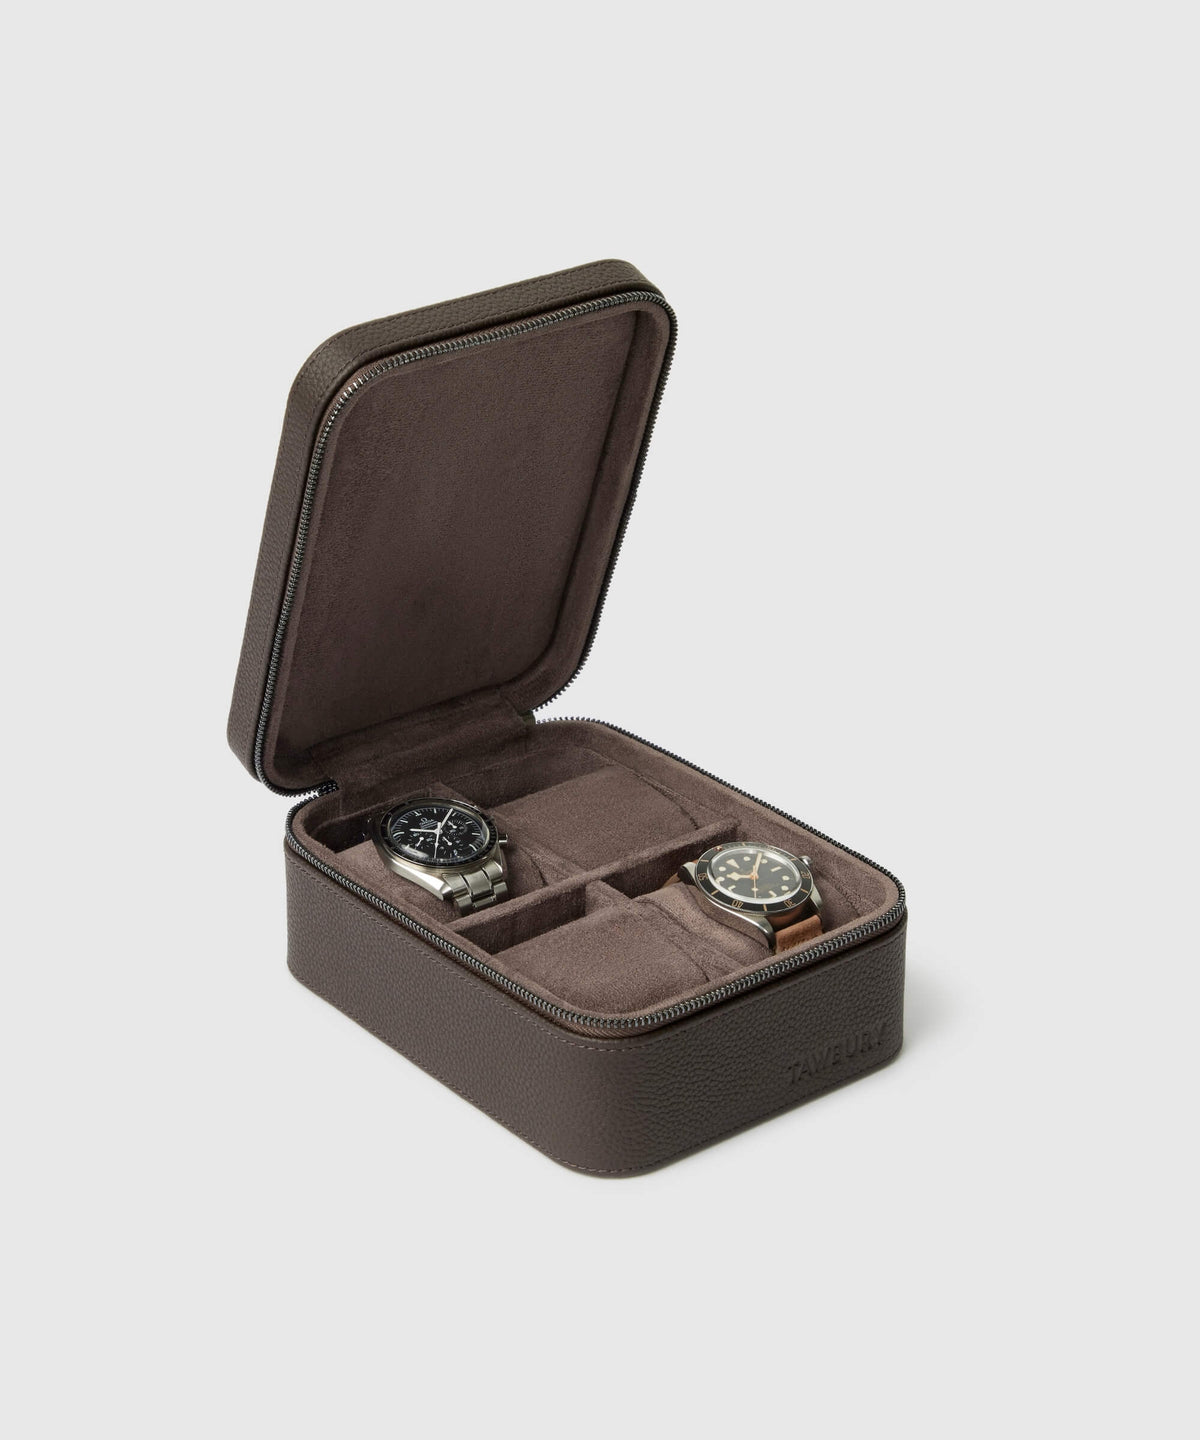 A Fraser 4 Watch Travel Case - Brown (Coming Soon) from the TAWBURY range with a zipper, open to reveal two watches inside, each in its own compartment.
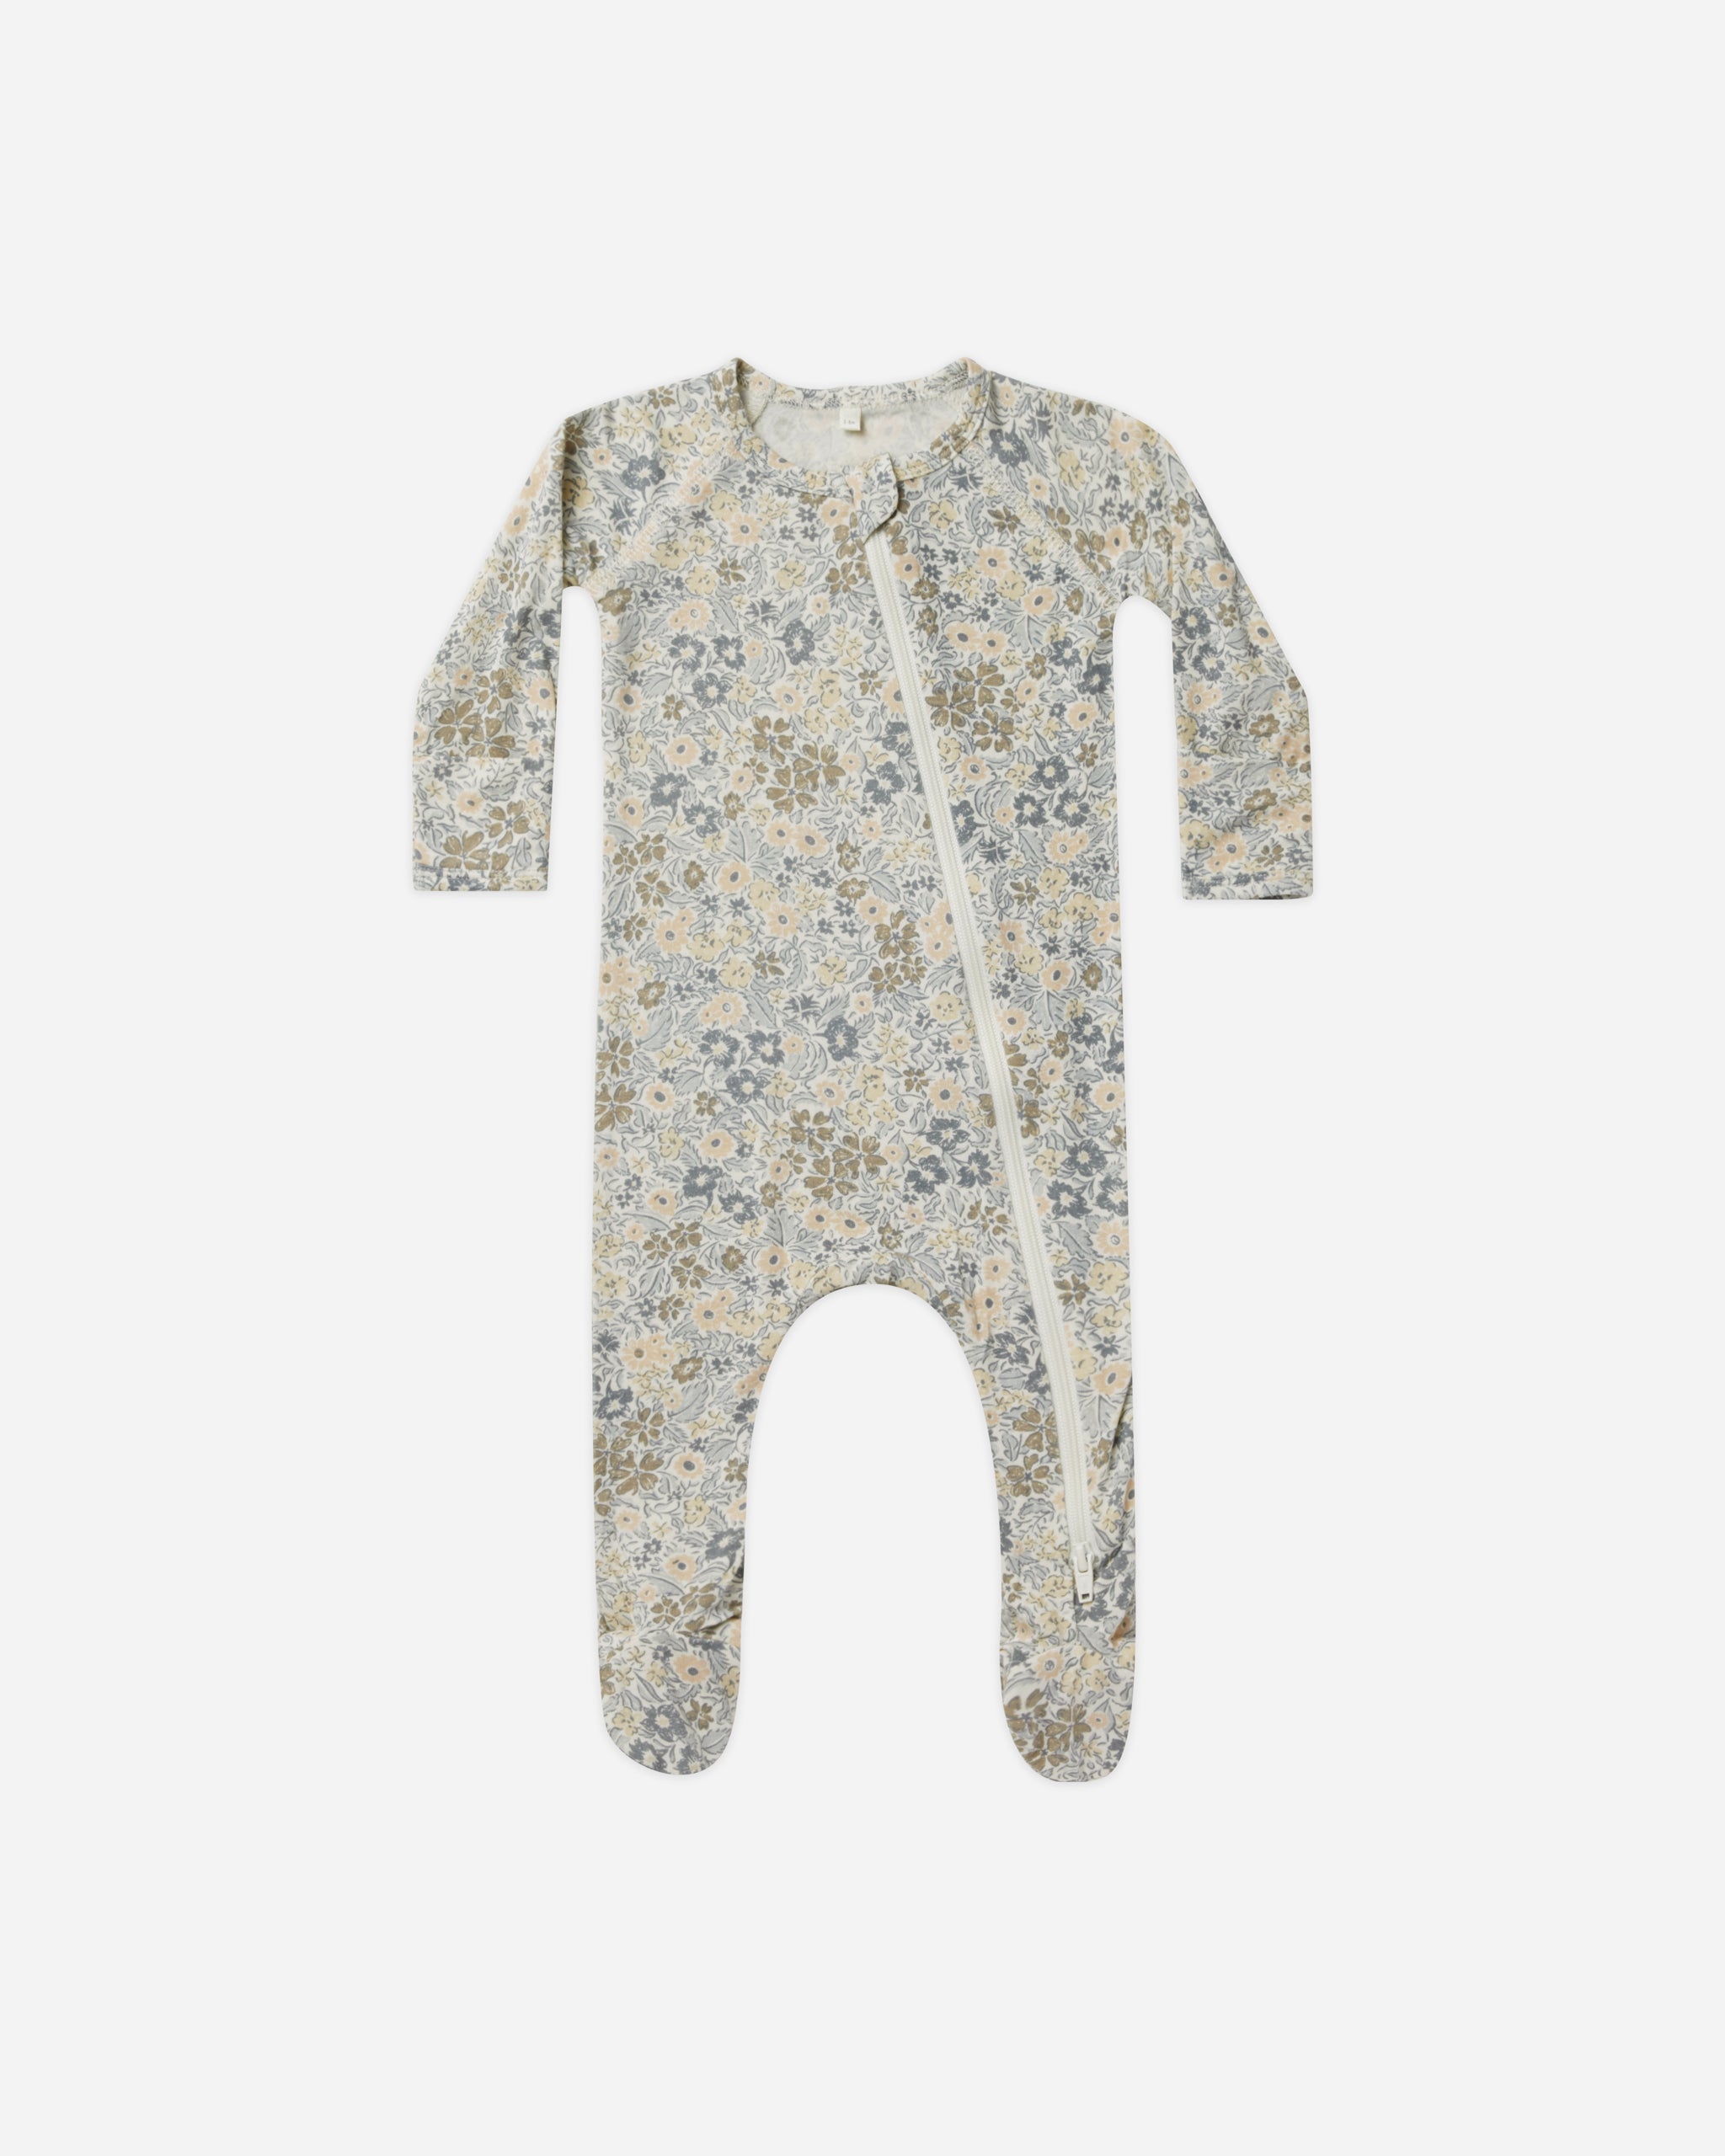 Bamboo Zip Footie || Winter Garden - Rylee + Cru | Kids Clothes | Trendy Baby Clothes | Modern Infant Outfits |
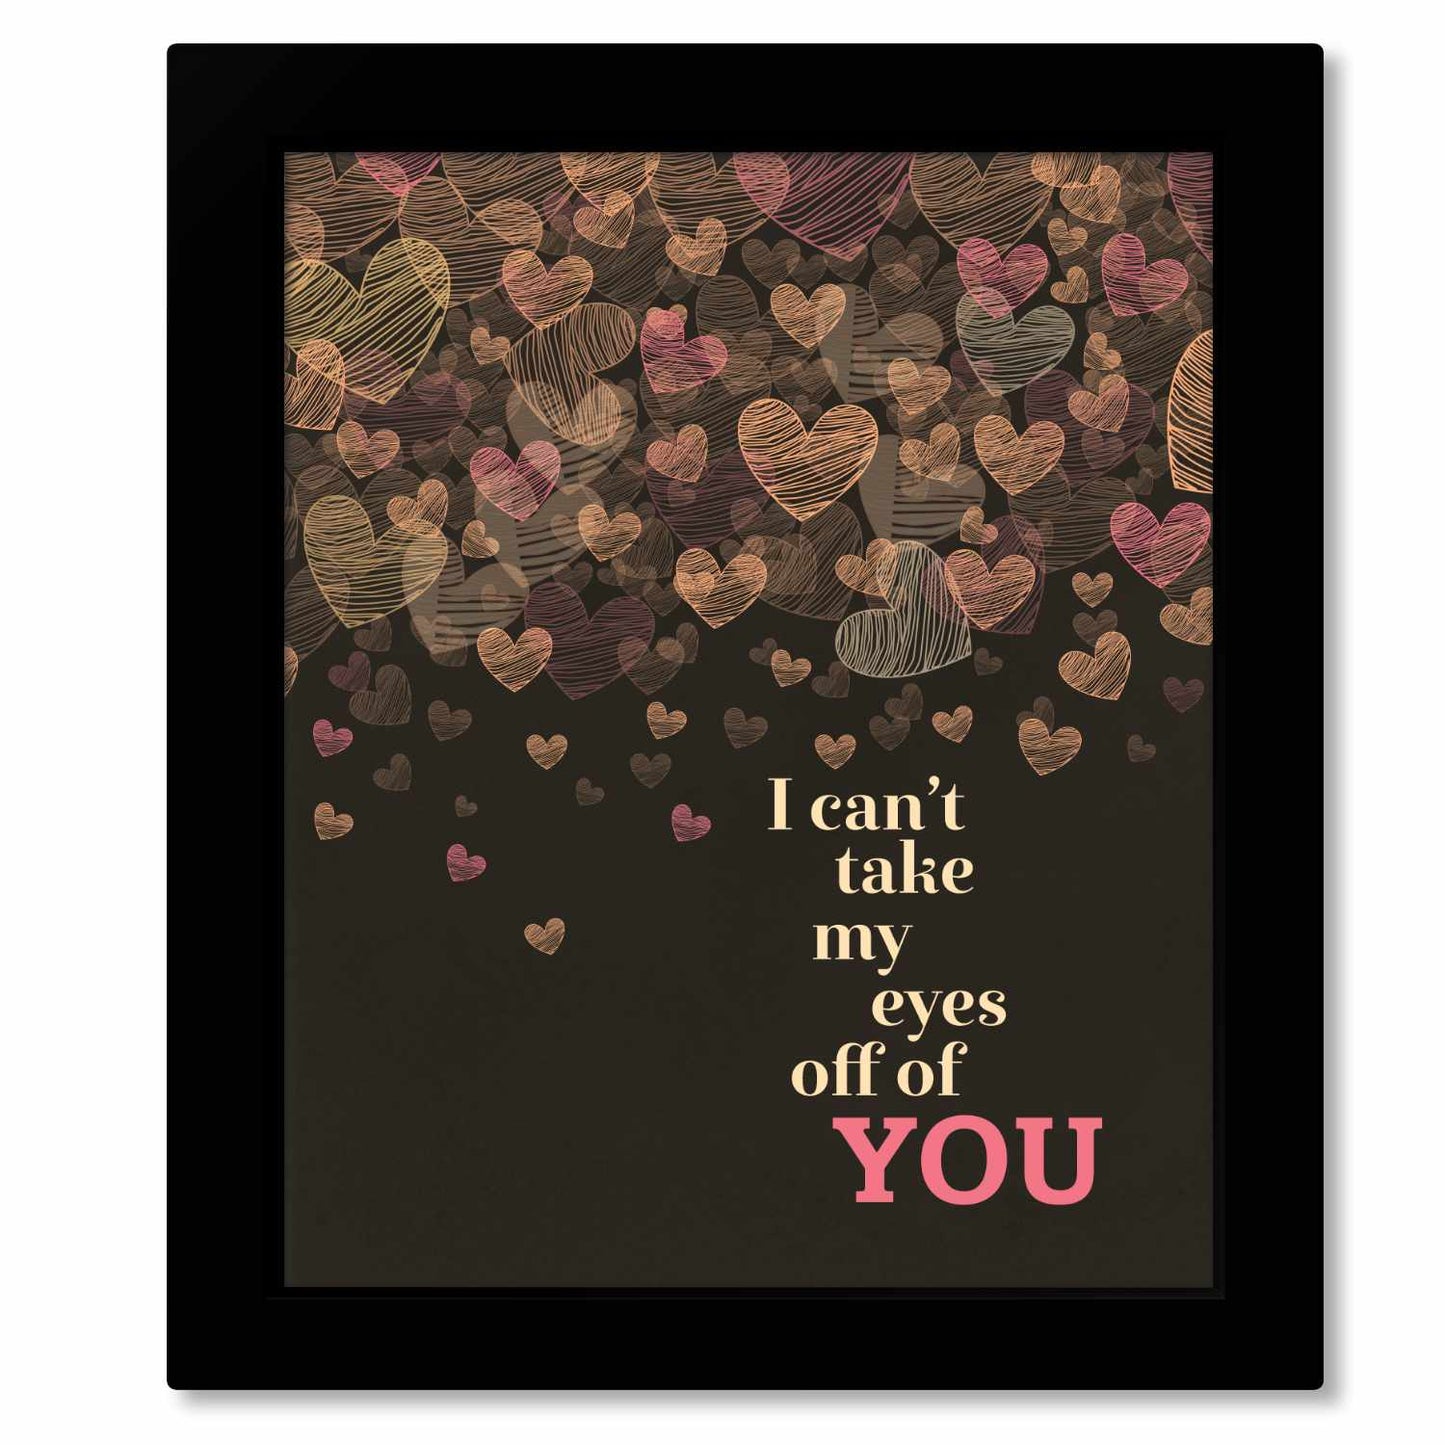 Can't Take My Eyes off You by Frankie Valli - 60s Love Song Song Lyrics Art Song Lyrics Art 8x10 Framed Print (without mat) 
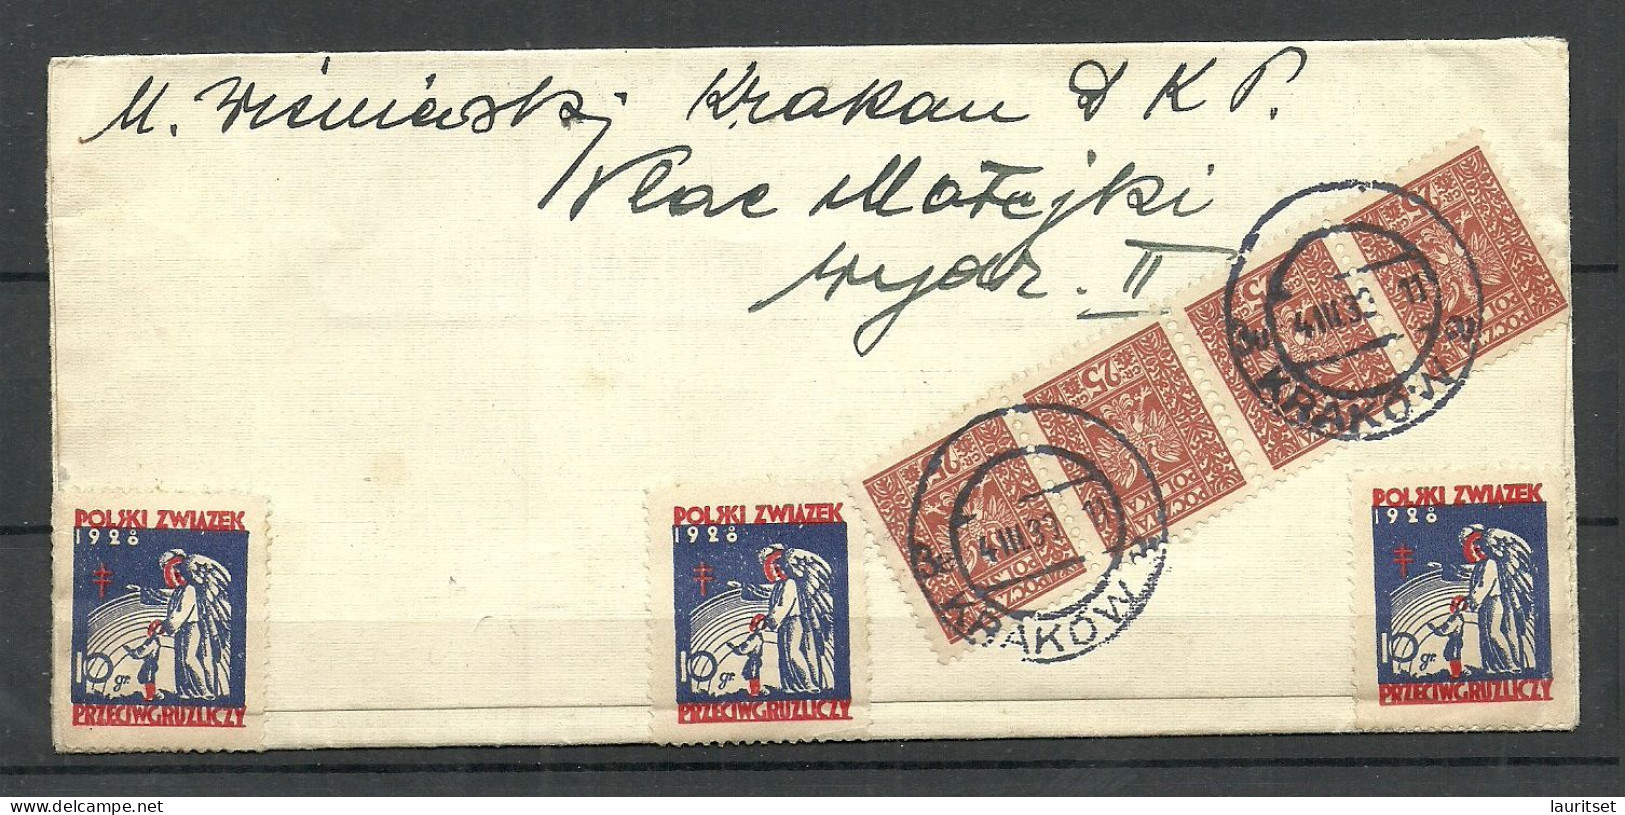 POLEN Poland 1930 O KRAKOW Registered Cover To Austria Wien With 3 Charity Tuberculosis Poster Stamps - Covers & Documents

◆ ASSIGNED TASK ◆
Write the material out again word for word and omit any images.

◆ YOUR SOLUTION ◆
 A Fraser 4 Watch Travel Case - Brown (Coming Soon) from the TAWBURY range with a zipper, open to reveal two watches inside, each in its own compartment.
 Bamboo Zip Footie || Winter Garden - Rylee + Cru | Kids Clothes | Trendy Baby Clothes | Modern Infant Outfits |
 Can't Take My Eyes off You by Frankie Valli - 60s Love Song Song Lyrics Art Song Lyrics Art 8x10 Framed Print (without mat) 
 POLEN Poland 1930 O KRAKOW Registered Cover To Austria Wien With 3 Charity Tuberculosis Poster Stamps - Covers & Documents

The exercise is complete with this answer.